+++ Material to process

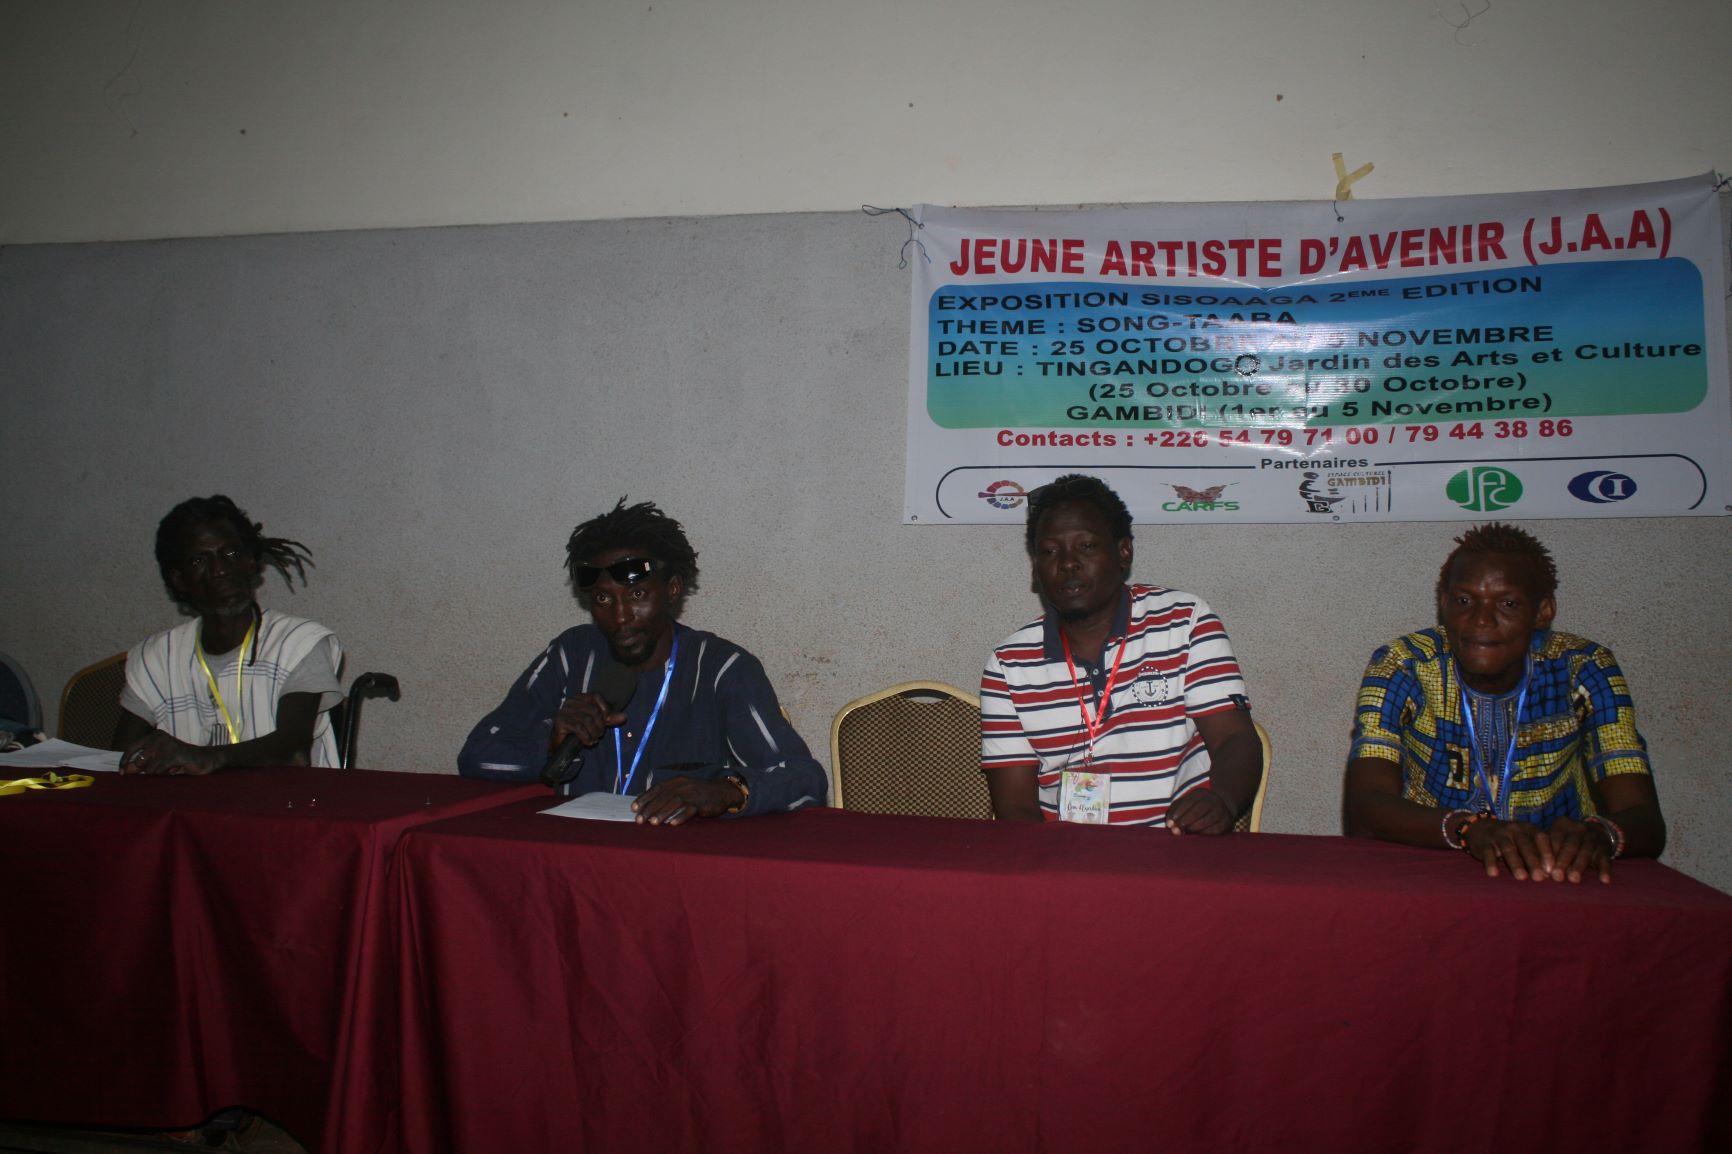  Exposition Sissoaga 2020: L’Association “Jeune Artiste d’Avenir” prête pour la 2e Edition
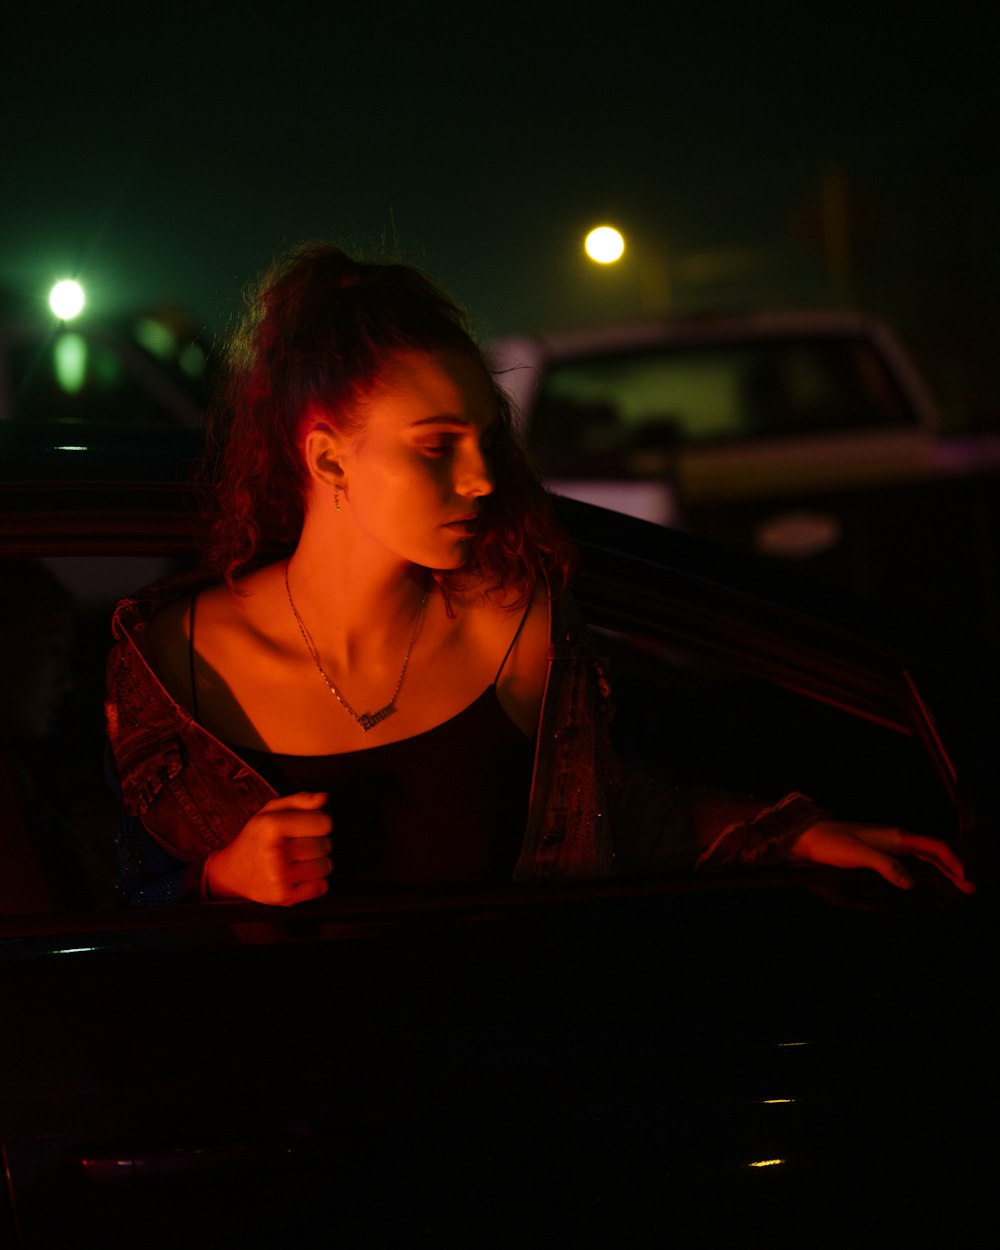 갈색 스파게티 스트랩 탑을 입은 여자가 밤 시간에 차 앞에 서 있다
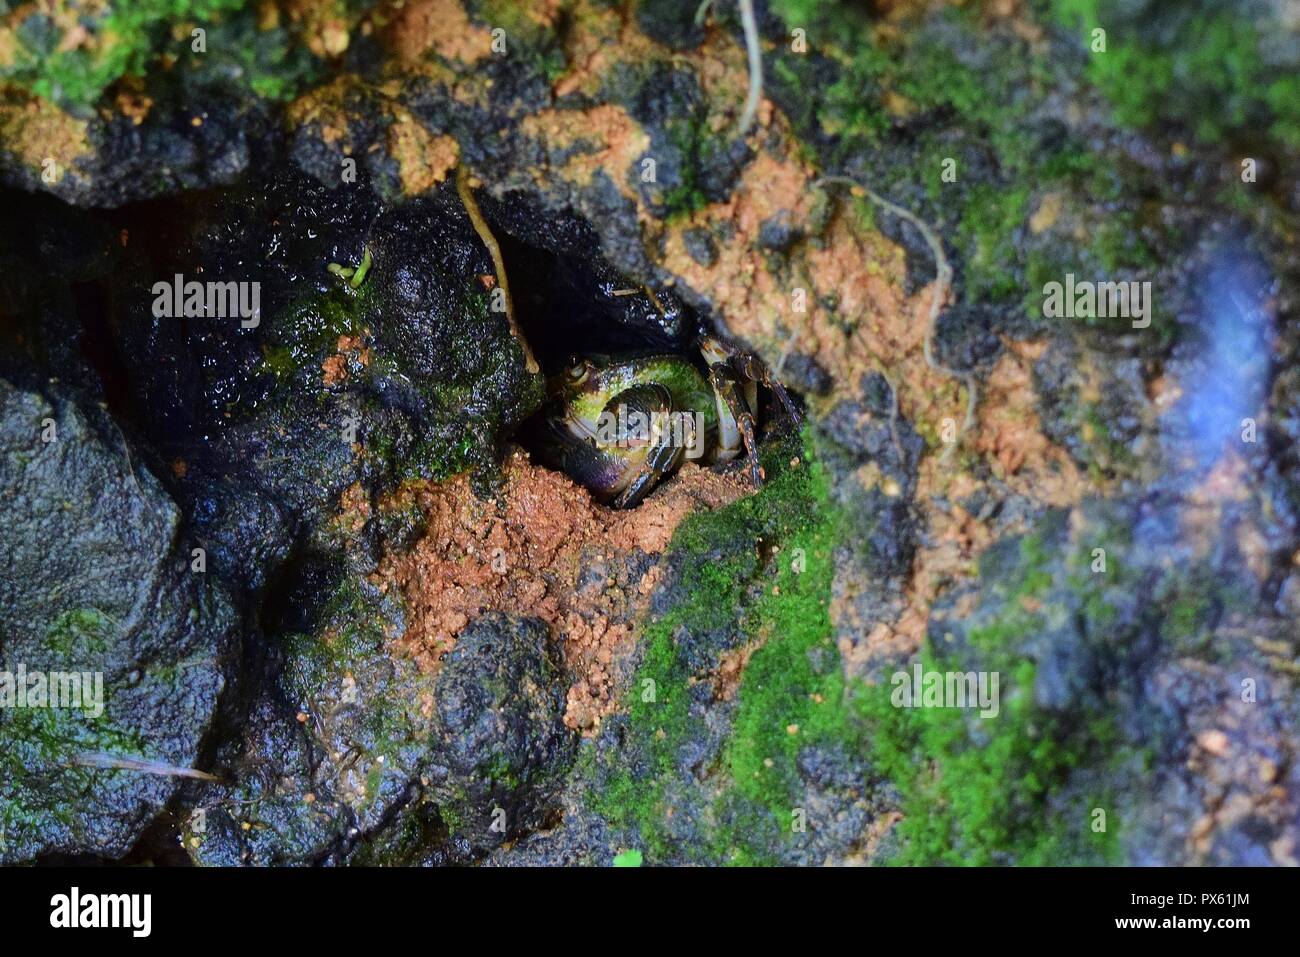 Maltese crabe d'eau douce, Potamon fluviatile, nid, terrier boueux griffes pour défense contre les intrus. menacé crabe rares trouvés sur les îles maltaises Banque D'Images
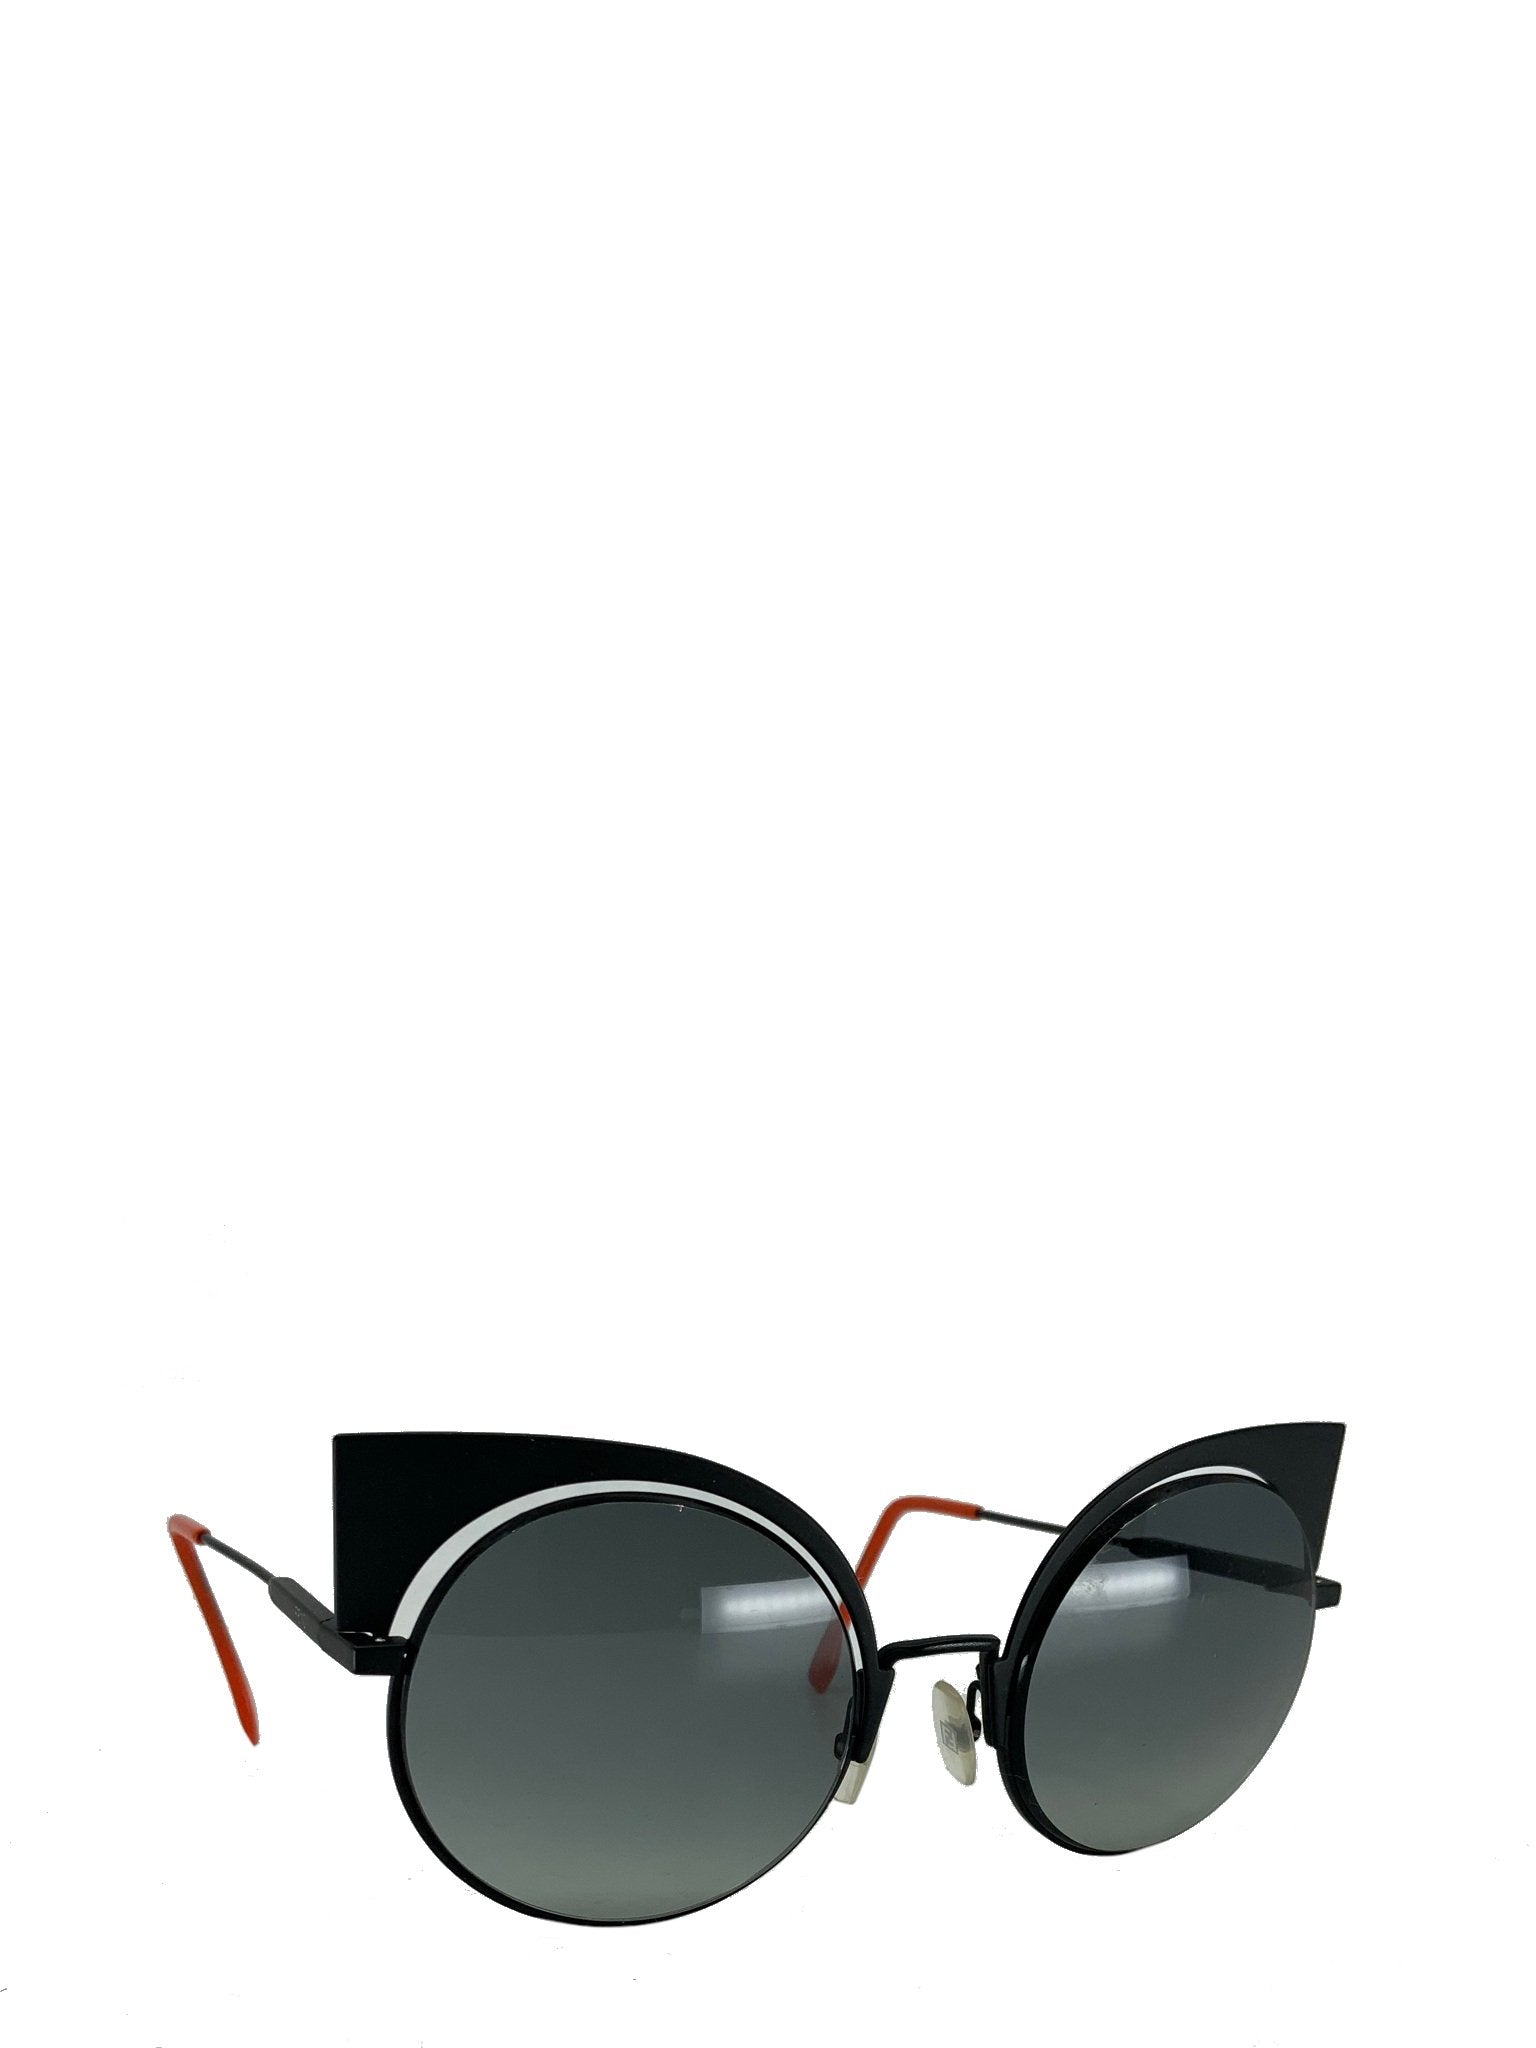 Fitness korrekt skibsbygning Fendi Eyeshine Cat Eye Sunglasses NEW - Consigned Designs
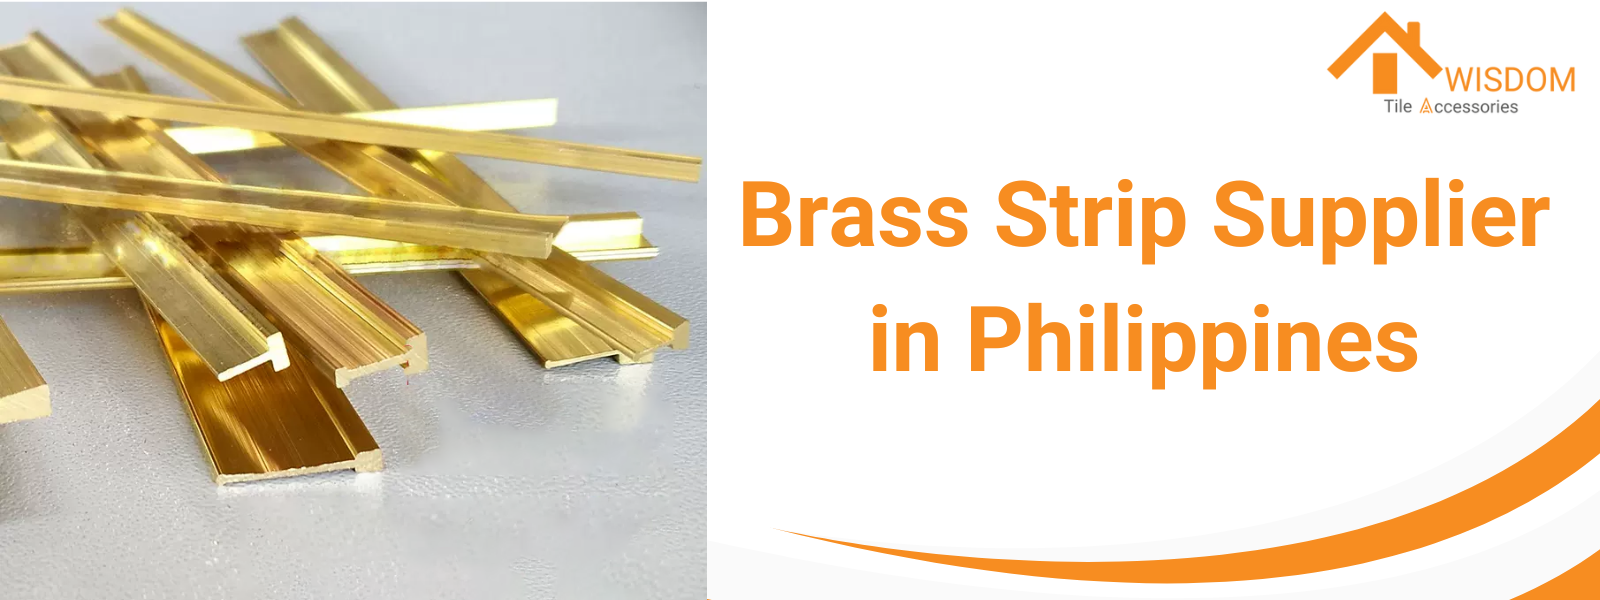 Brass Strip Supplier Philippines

++++++

Problem statement
Would you copy out the data exactly, leaving every picture out?

Response to the exercise
  Exposition Sissoaga 2020: L’Association “Jeune Artiste d’Avenir” prête pour la 2e Edition
 갈색 스파게티 스트랩 탑을 입은 여자가 밤 시간에 차 앞에 서 있다
 Maltese crabe d'eau douce, Potamon fluviatile, nid, terrier boueux griffes pour défense contre les intrus. menacé crabe rares trouvés sur les îles maltaises Banque D'Images
 Fitness korrekt skibsbygning Fendi Eyeshine Cat Eye Sunglasses NEW - Consigned Designs
 Brass Strip Supplier Philippines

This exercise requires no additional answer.